Persistent Objects

Many programs read information from persistent storage, perform some processing and then write the result back to persistent storage. Defining the format of these input and output files on the persistent storage medium is tedious and cumbersome.

Proponents of the persistent programming paradigm view programs as having volatile objects, which exist only during the current execution, and persistent objects which continue to exist between program executions. The persistent objects are automatically retrieved from the disk when actually accessed in the program and modifications to these objects are automatically written back to disk as they happen or before the program terminates. This relieves the programmer from a number of low level considerations but involves numerous interesting technical issues.

Translation between memory and disk representations

The automatic translation from the memory to the disk representation implies that each object has a type tag and that the run time libraries have information about the type. This run time information must list the fields, their position and their type. Simple fields like integers, floats or character strings are simply converted to a suitable disk representation (binary or ASCII with a neutral byte ordering). Pointers must be replaced by an adequate disk representation, usually some unique integer identifier.

Several objects written together to disk are often called a pickle. If objects in a pickle contain pointers to other objects, not in the pickle, these pointers will have no meaning when the objects are read back. That is unless each object is manually assigned a unique identifier, unique among all pickles and program invocations. For this reason, many languages, like Modula-3 and Eiffel, provide pickling procedures that receive an object as argument. This object and all those recursively reachable from that object will be included in the pickle. This way, there are no pointers to objects not in the pickle. Each object in the pickle is assigned a unique identifier. When reloading a pickle, all the pointers are converted to the new objects addresses.

Pointers to procedures are usually treated differently. The source code may not be available and the executable code cannot run on other architectures. Instead, the procedure name and arguments types are stored (perhaps as a compressed hashing code). Upon reloading, if the same procedure exists in the reading program, its address is used.

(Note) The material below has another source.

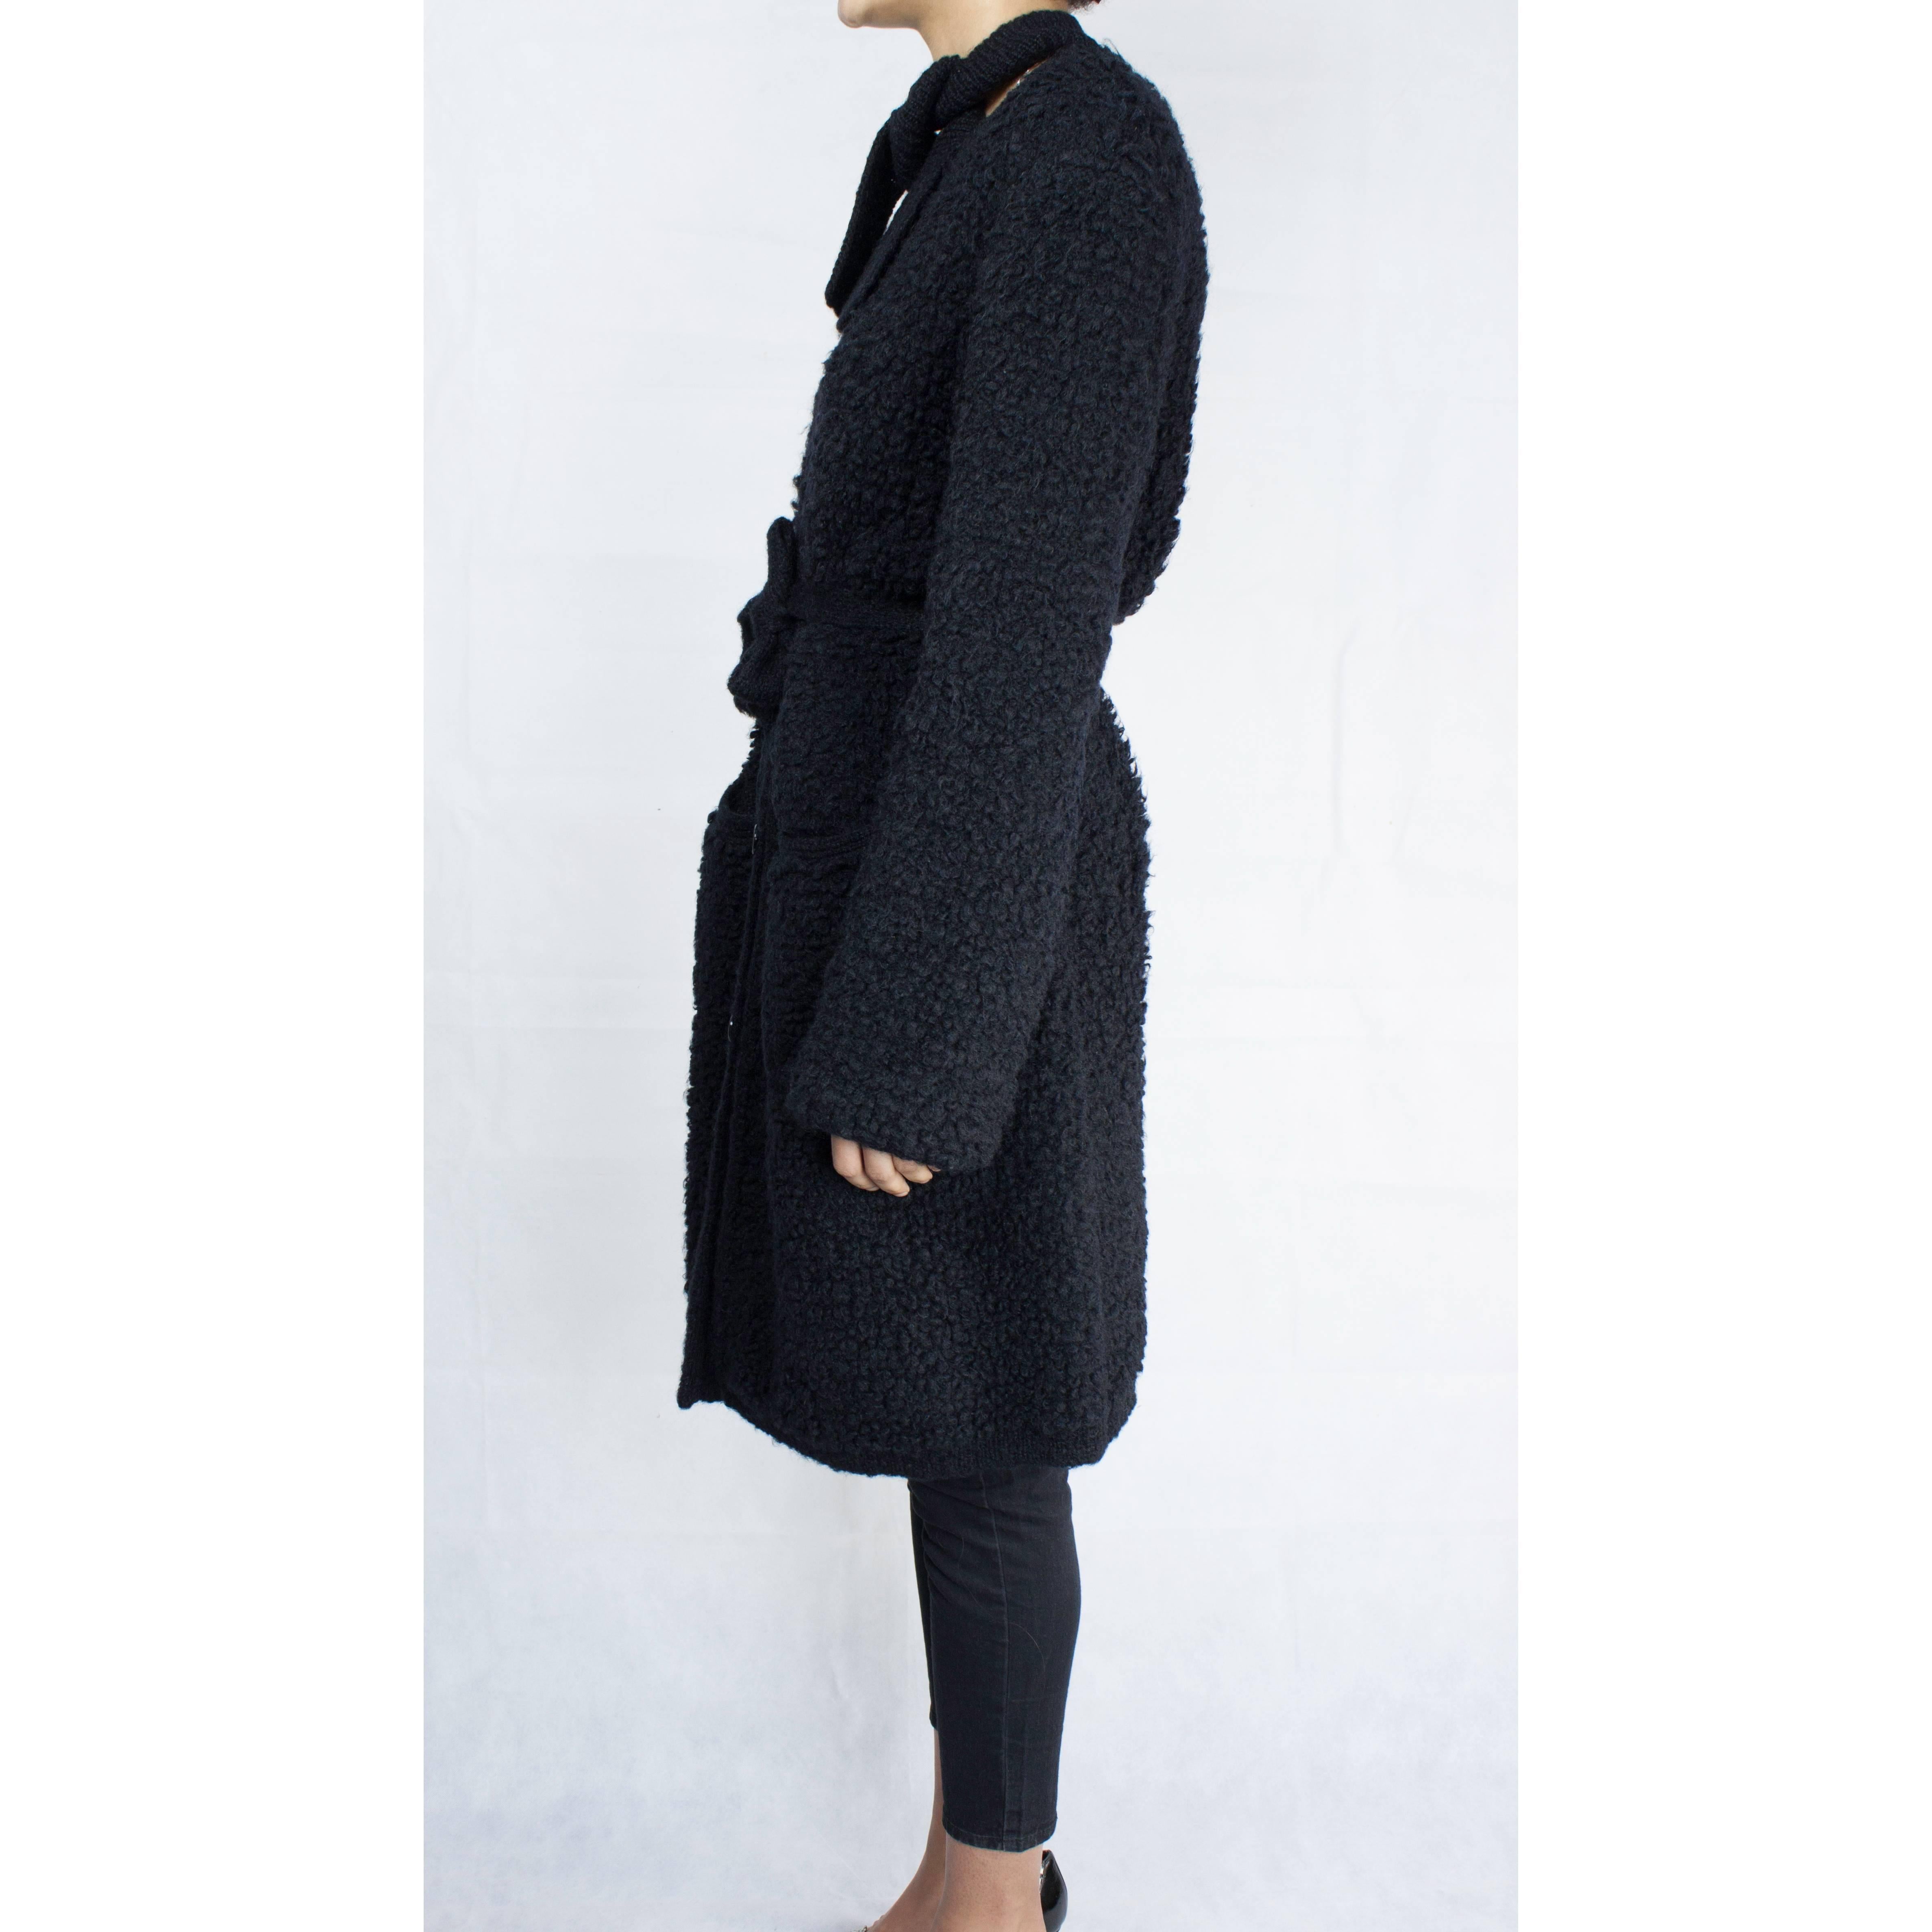 Black Important Sonia Rykiel knitted black wool coat, circa 1960s
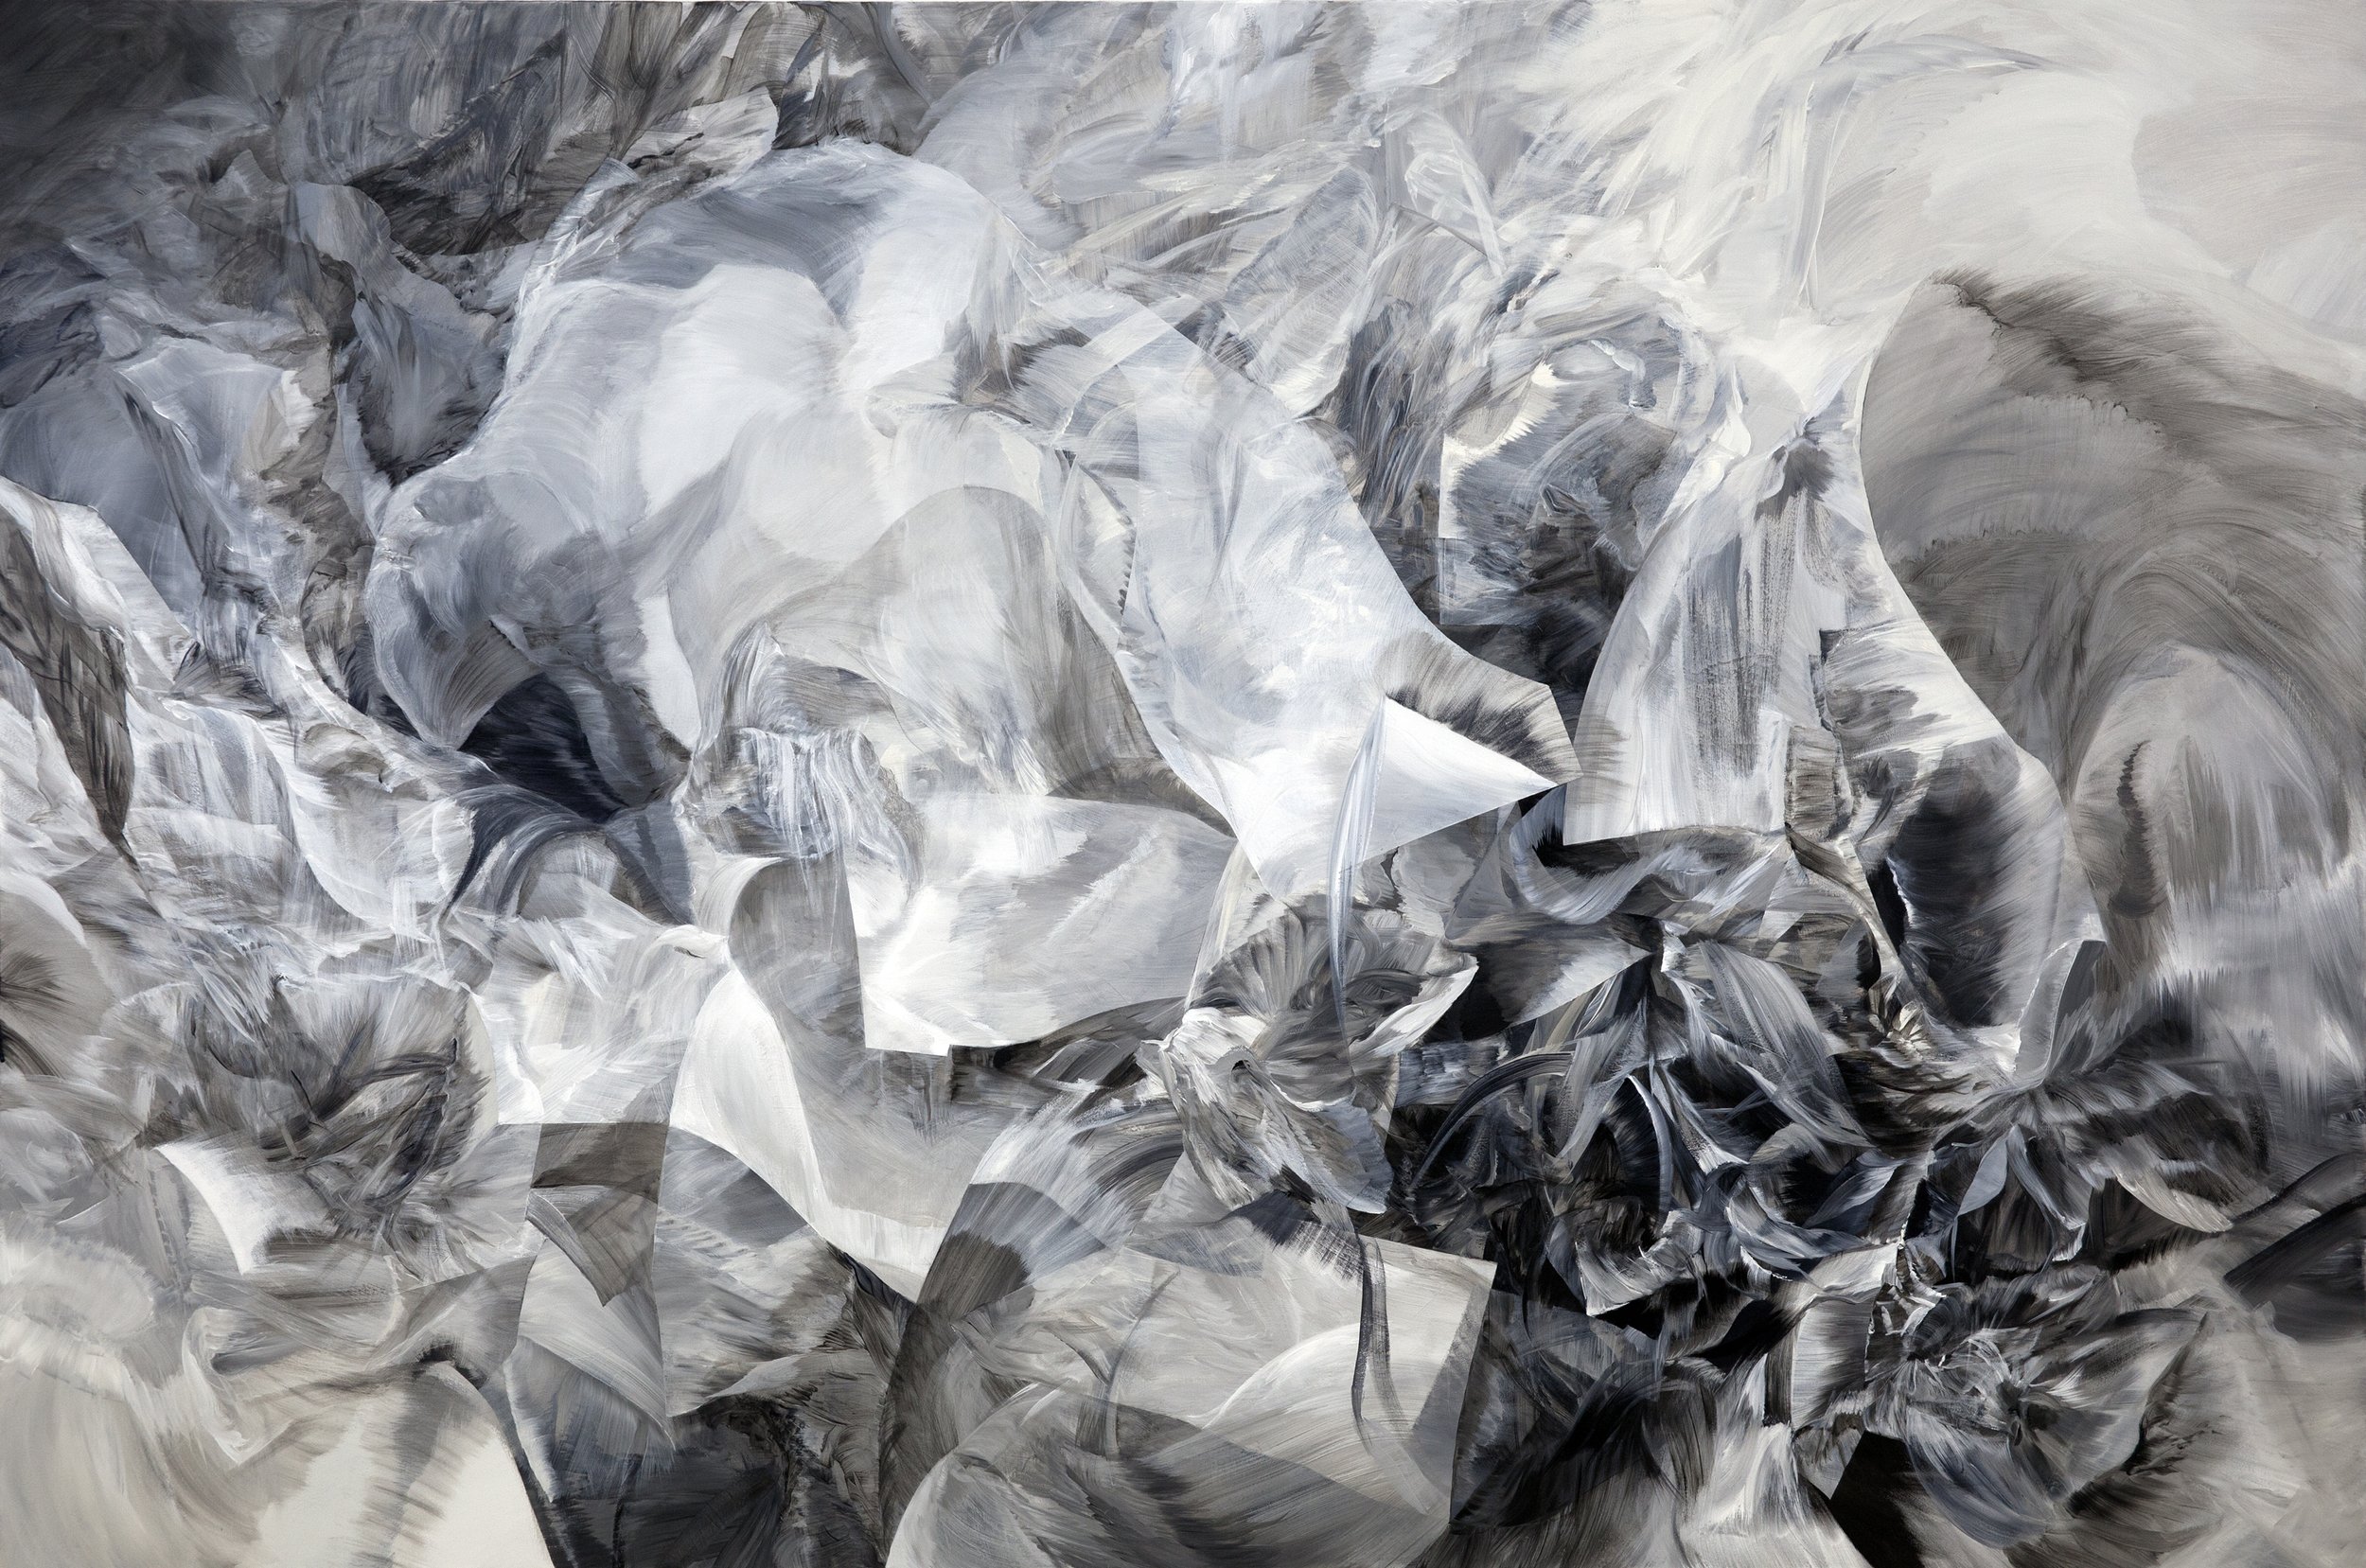  Tensile Shores  acrylic on canvas  72” x 108”

Lazy loading and unloading

Writing and reading objects explicitly, through the pickling mechanisms, is easier than defining input and output file formats. The next step in this direction is transparent loading on demand. Pointer variables are initialized with the desired globally unique object identifiers. Then, when (and if) these variables are accessed, the corresponding object is loaded from disk. This object in turn references other objects but these will be loaded only if accessed.

The advantage of this is that objects are accessed just as if they were all in memory although only the accessed objects are actually loaded. The problem is to implement this loading on demand efficiently and to assign unique global identifiers to all objects.

Among the possible implementations, there are mainly three in use. Each pointer to an object that may be on disk (often called smart pointer) contains the unique identifier, the memory address and a flag indicating if the memory address is known. Upon accessing the smart pointer, it is checked if the memory address is known, in which case the access proceeds. Otherwise, a table is searched to find if the object has been loaded and its memory address; the memory address field of the smart pointer can then be set and used. If the object is not loaded, it gets loaded and inserted in the table.

The overhead of this implementation is one test for each access plus searching through the table and loading the object upon the first access. This is relatively simple to implement and the overhead is very small. To unload an object, all the smart pointers refering to it must have their flag reset to indicate that the memory address is invalid. Thus, each object must keep a list of the associated smart pointers.

The second possible implementation is to use a virtual address as object identifier within the program. This virtual address is the position where the object will be loaded, when (and if) it will be required. Upon accessing a pointer, if the object is not there, a page fault will occur. The page fault interrupt service routine will then load the needed object at that address.

The overhead of this implementation is to service the interrupt and load the object upon the first access and nothing for the subsequent accesses. Interrupt service routines are difficult to write and often non portable. Furthermore, interrupt service routines are costly in CPU time on many operating systems. Therefore, even though this implementation has no overhead once the object is loaded, the higher loading cost often makes it no more effective than the preceeding one. Unloading objects does not involve special actions. The virtual address remains reserved for the object in case it gets reloaded.

A third possible implementation is to only store the unique object identifier in the smart pointers. Each time an access is made, the table is searched to find the object in memory and load it if required. The overhead is one hash table access for each smart pointer access. Unloading objects only requires removing them from the table. This method is very simple to implement and very flexible but carries a relatively large overhead upon each access.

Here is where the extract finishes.